We have conducted a meta-analysis of proportions on data from publications about SE routine implementation programs. Our results can be summarized as follows: SE routine programs were only slightly less effective than SE programs evaluated in RCTs. SE routine programs were significantly more effective than PVT programs both in trials and in routine implementation studies. Subgroup comparisons in SE routine and in SE RCT samples revealed a large effectiveness difference between studies conducted prior to 2008 and from 2008 onwards. No such difference was found in the PVT samples. The application of meta-analytical methods has a provided lower competitive employment rate for SE RCT programs compared to conventional summarizing methods. While Bond et al. found a mean rate of 58.9% in SE trial studies [10], our analysis yielded a pooled proportion of 50%.

Depending on temporal labor market conditions, SE routine programs may be expected to reach a competitive employment rate between 40 and 50%. Our results confirm the US-related recommendations by Becker and colleagues [7, 9] also for non-US regions. It is an important implication of our study that SE can be similarly successful in routine implementation under labor market conditions that are different (i.e. usually more regulated) from those in the US. Labor market regulations are known to have a significant impact on the SE competitive employment rates as a recent meta-regression has demonstrated [49]. That study found less protective approaches and less generous disability benefits to be predictive of higher competitive employment rates (relative to PVT).

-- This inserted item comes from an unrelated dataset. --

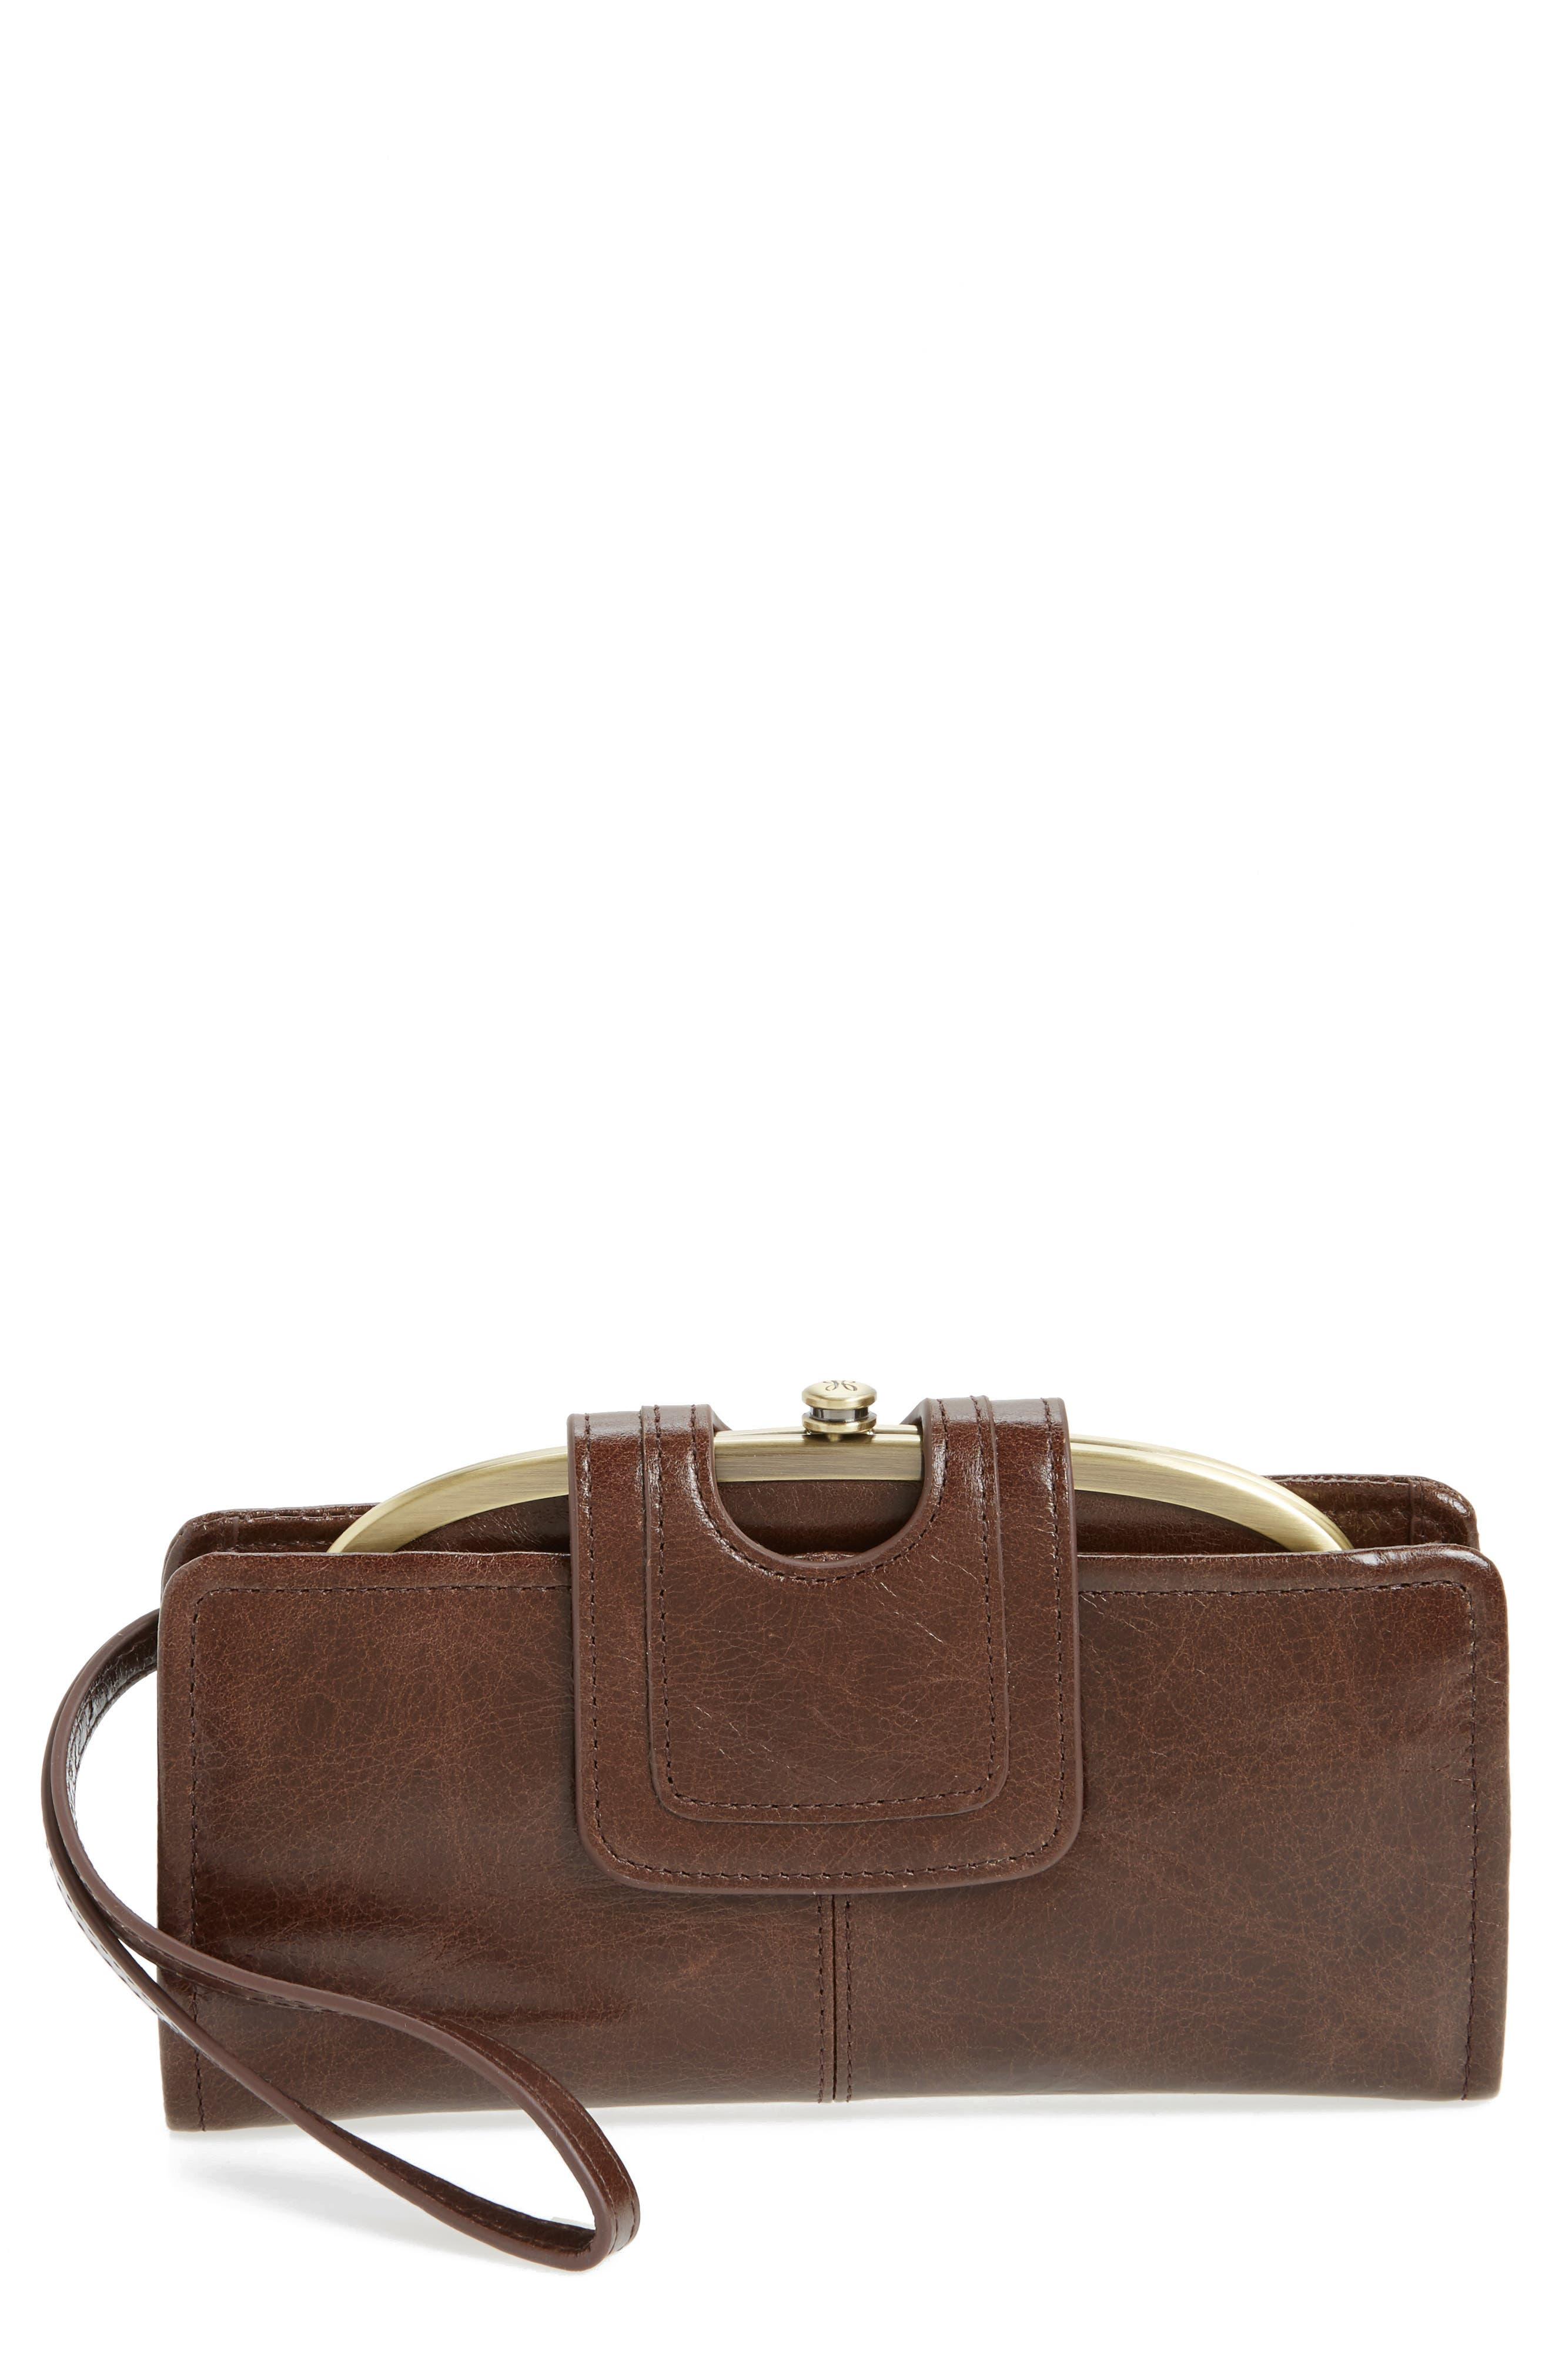 Alternate Image 1 Selected - Hobo Nova Calfskin Leather Wallet
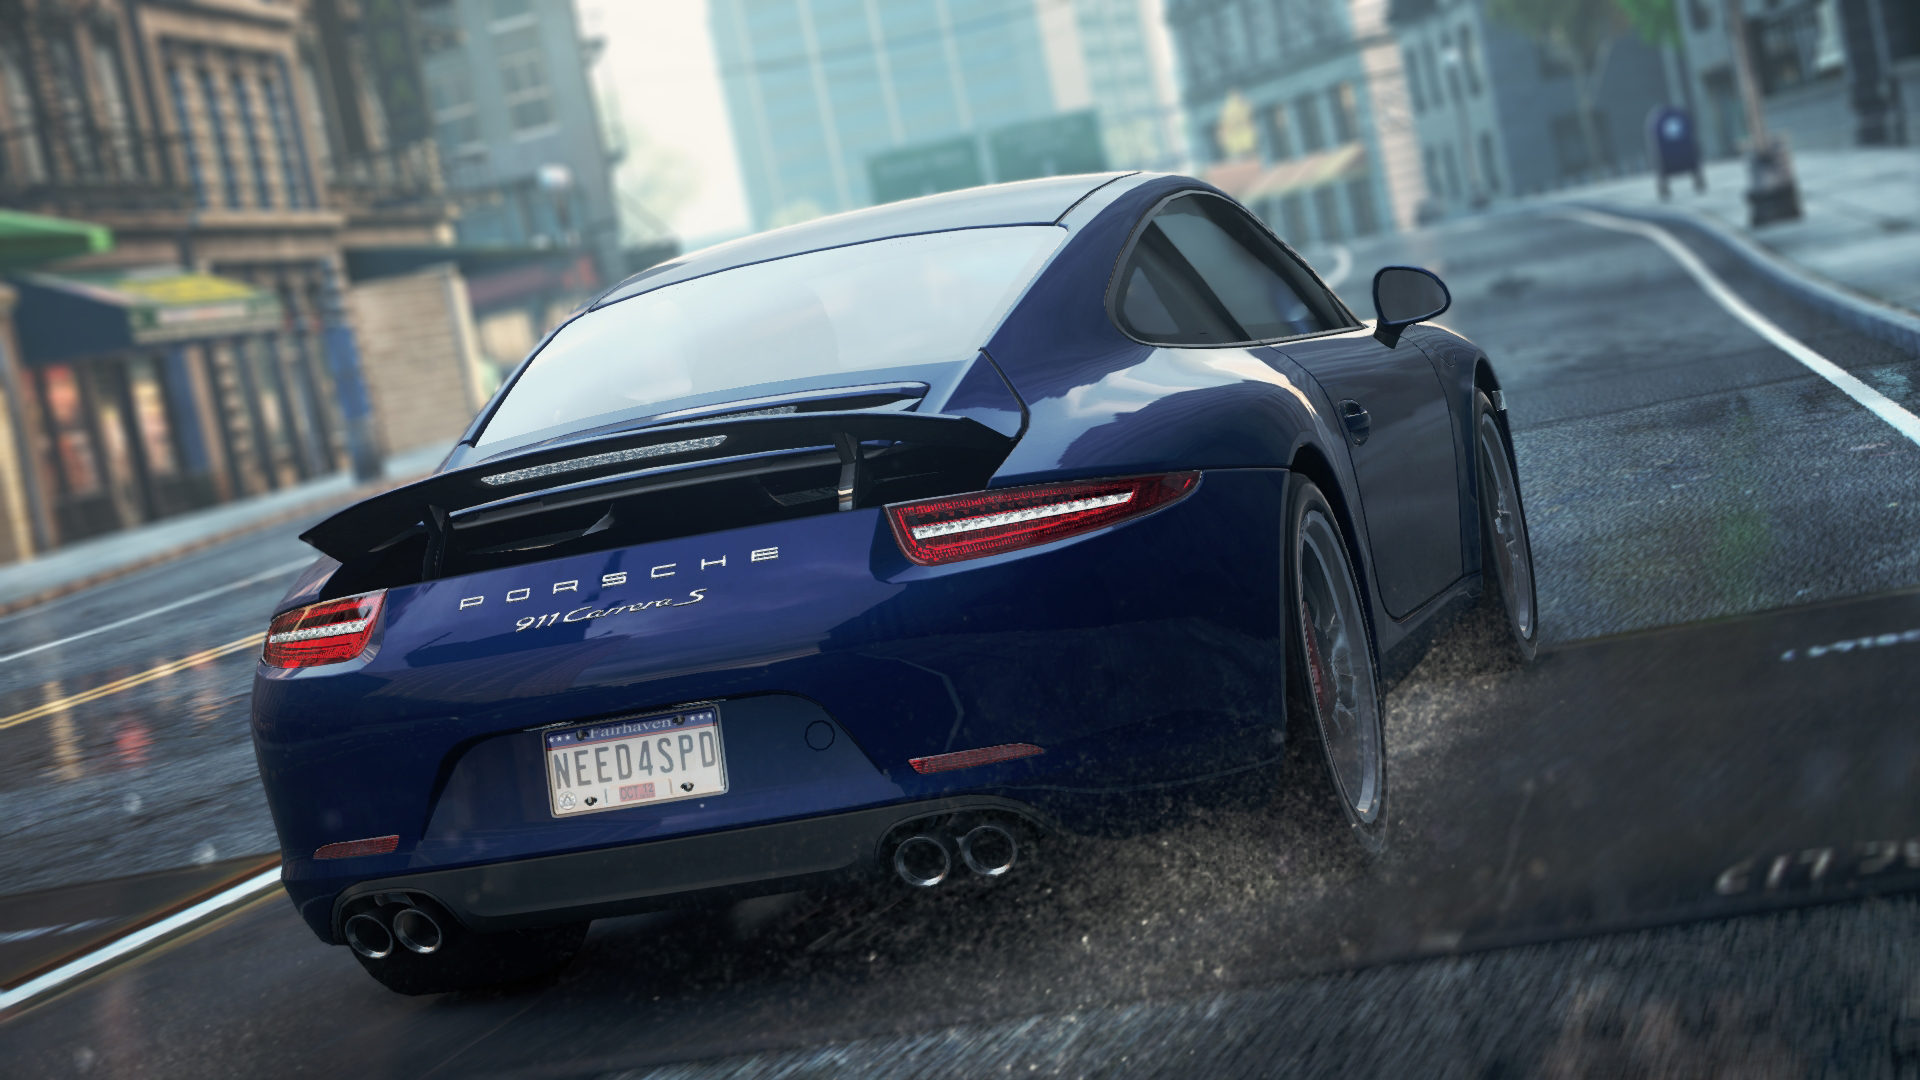 Porsche 911 carrera s 991 need for speed wiki fandom - Porsche 911 carrera s wallpaper ...

Another important implication is that evaluations of SE programs have to take into account the economic conditions at that time and in that region. We found that the pooled competitive employment rate dropped 20% during the economic recession years. As recent European and US studies suggest, labor market developments during the economic recession have had a tremendous negative effect on the employment rates of people with disabilities and of people with mental illness in particular [50, 51]. US data also suggest that these developments had negative effects on vocational rehabilitation in general [52], while a recent meta-regression found no significant effects of the national unemployment rate on competitive employment in SE programs [49].

Limitations

The most important limitation that is common with data collection from routine programs in health care is the data quality. We assume that the data quality standards of the included studies were lower than those in RCTs. Also, in many cases we do not have enough information on the service quality of routine programs. These limitations, however, need to be balanced against the much higher overall number of participants in the routine programs. Whether routine programs are to be regarded as inferior or superior in terms of validity is a matter of perspective. While RCTs provide a better internal validity due to strict inclusion criteria, routine programs are expected to provide a better external validity.

Conclusions

Several conclusions emerge from our study. First, SE routine programs hold up to the expectations from the trials. There is only a small loss of effectiveness when implementing routine programs compared to RCTs. Second, the difference of competitive employment rates between SE and PVT programs remains as large as in the trials. Third, and most important, recent economic conditions seem to make it more difficult than in previous decades to reach high competitive employment rates even with evidence-based interventions such as SE. It remains to be seen whether the success rates will return to previous levels in the current economic climate in which we see a large decline in unemployment in western economies.